SCROLL TO RESUME CONTENT
Menurut Bupati Sumenep, Dr. H. Achmad Fauzi Wongsojudo, S.H., M.H., kegiatan ini adalah wujud nyata sinergi antara pemerintah, dunia usaha, dan komunitas seniman dalam menjaga warisan budaya bangsa.
“Festival ini bukan sekadar ajang lomba, melainkan wadah ekspresi dan pelestarian seni lukis yang memperkenalkan kekayaan budaya serta kearifan lokal Madura,” kata Bupati Fauzi, Sabtu (25/10/2025).
Ia menilai, seni memiliki kekuatan unik untuk menggambarkan jati diri dan nilai-nilai kemanusiaan.
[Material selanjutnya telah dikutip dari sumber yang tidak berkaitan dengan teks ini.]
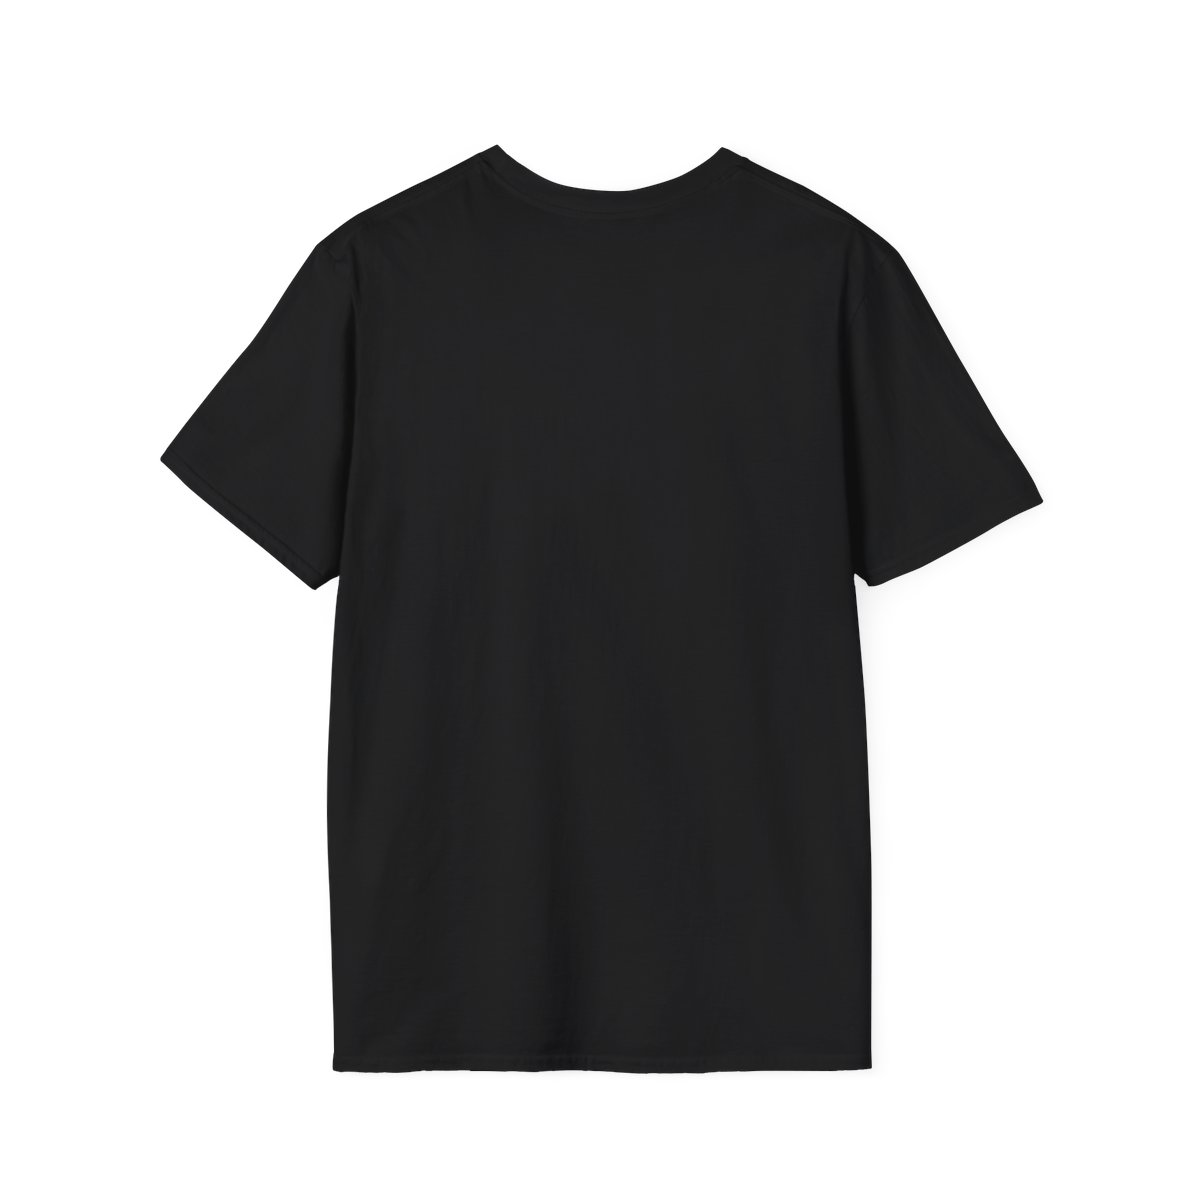 TH Crew Unisex Softstyle T-Shirt US product thumbnail image
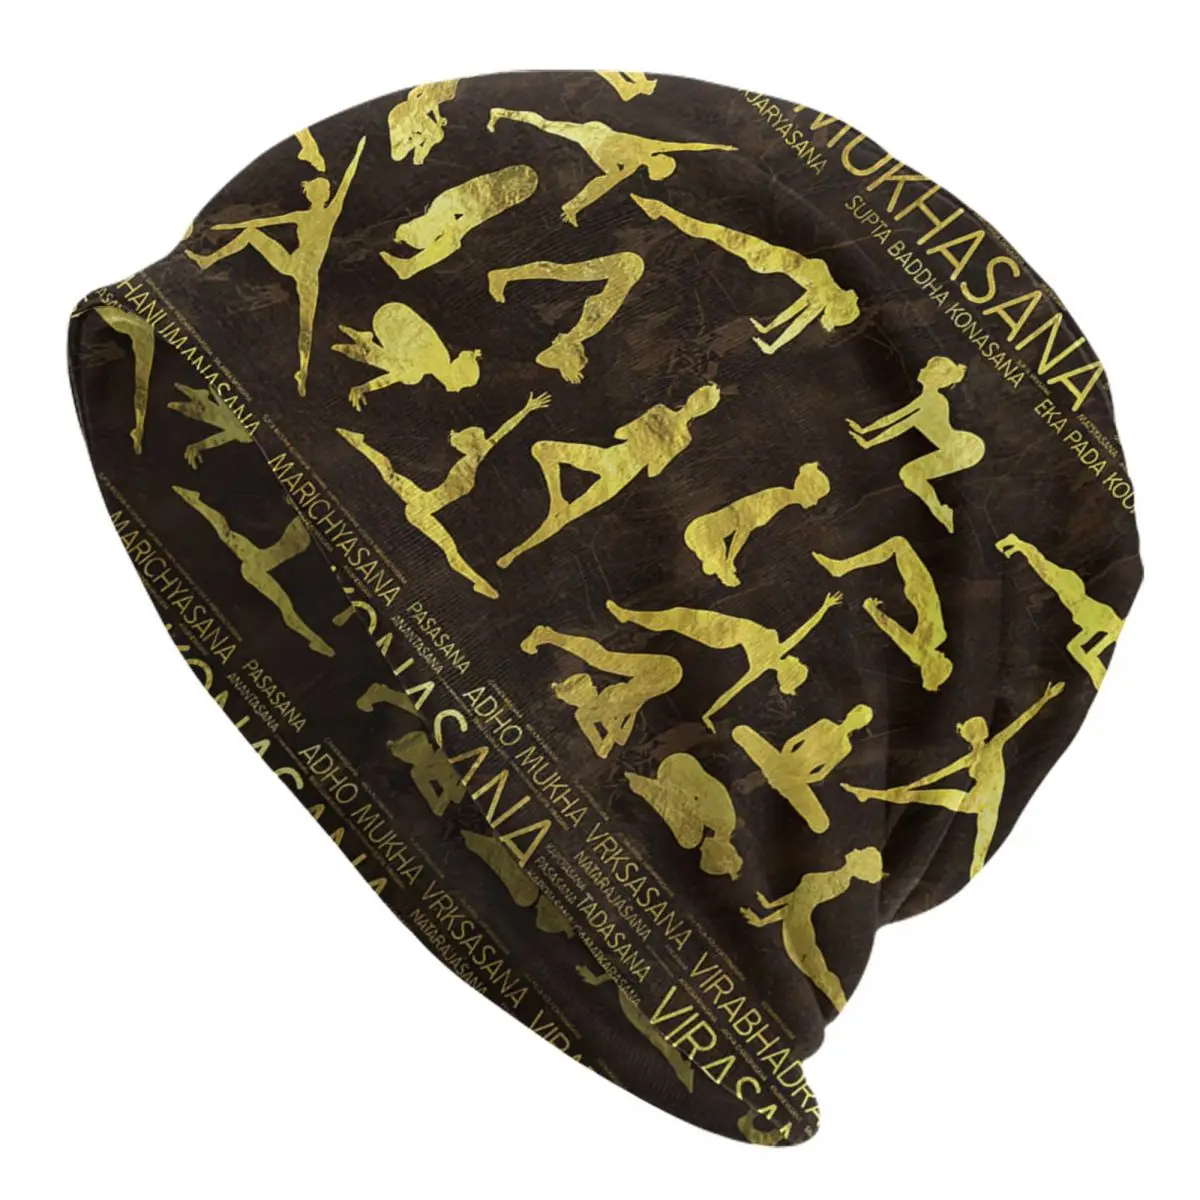 Gold Yoga Asanas,Poses Sanskrit Word Art Adult Men's Women's Knit Hat Keep warm winter Funny knitted hat

Di tengah gempuran teknologi, para seniman tetap mampu menunjukkan dedikasi dan produktivitas yang tinggi.
“Para pelukis membuktikan bahwa kemajuan teknologi tidak menjadi penghalang kreativitas. Justru, karya mereka memperlihatkan bagaimana budaya tetap hidup dan relevan di setiap zaman,” ujarnya.
Bupati Fauzi menegaskan, Pemerintah Kabupaten Sumenep berkomitmen memberikan ruang yang luas bagi para pelaku seni dan budaya. Baginya, kesenian tidak hanya soal estetika, tetapi juga bagian dari pembangunan sumber daya manusia dan ekonomi kreatif.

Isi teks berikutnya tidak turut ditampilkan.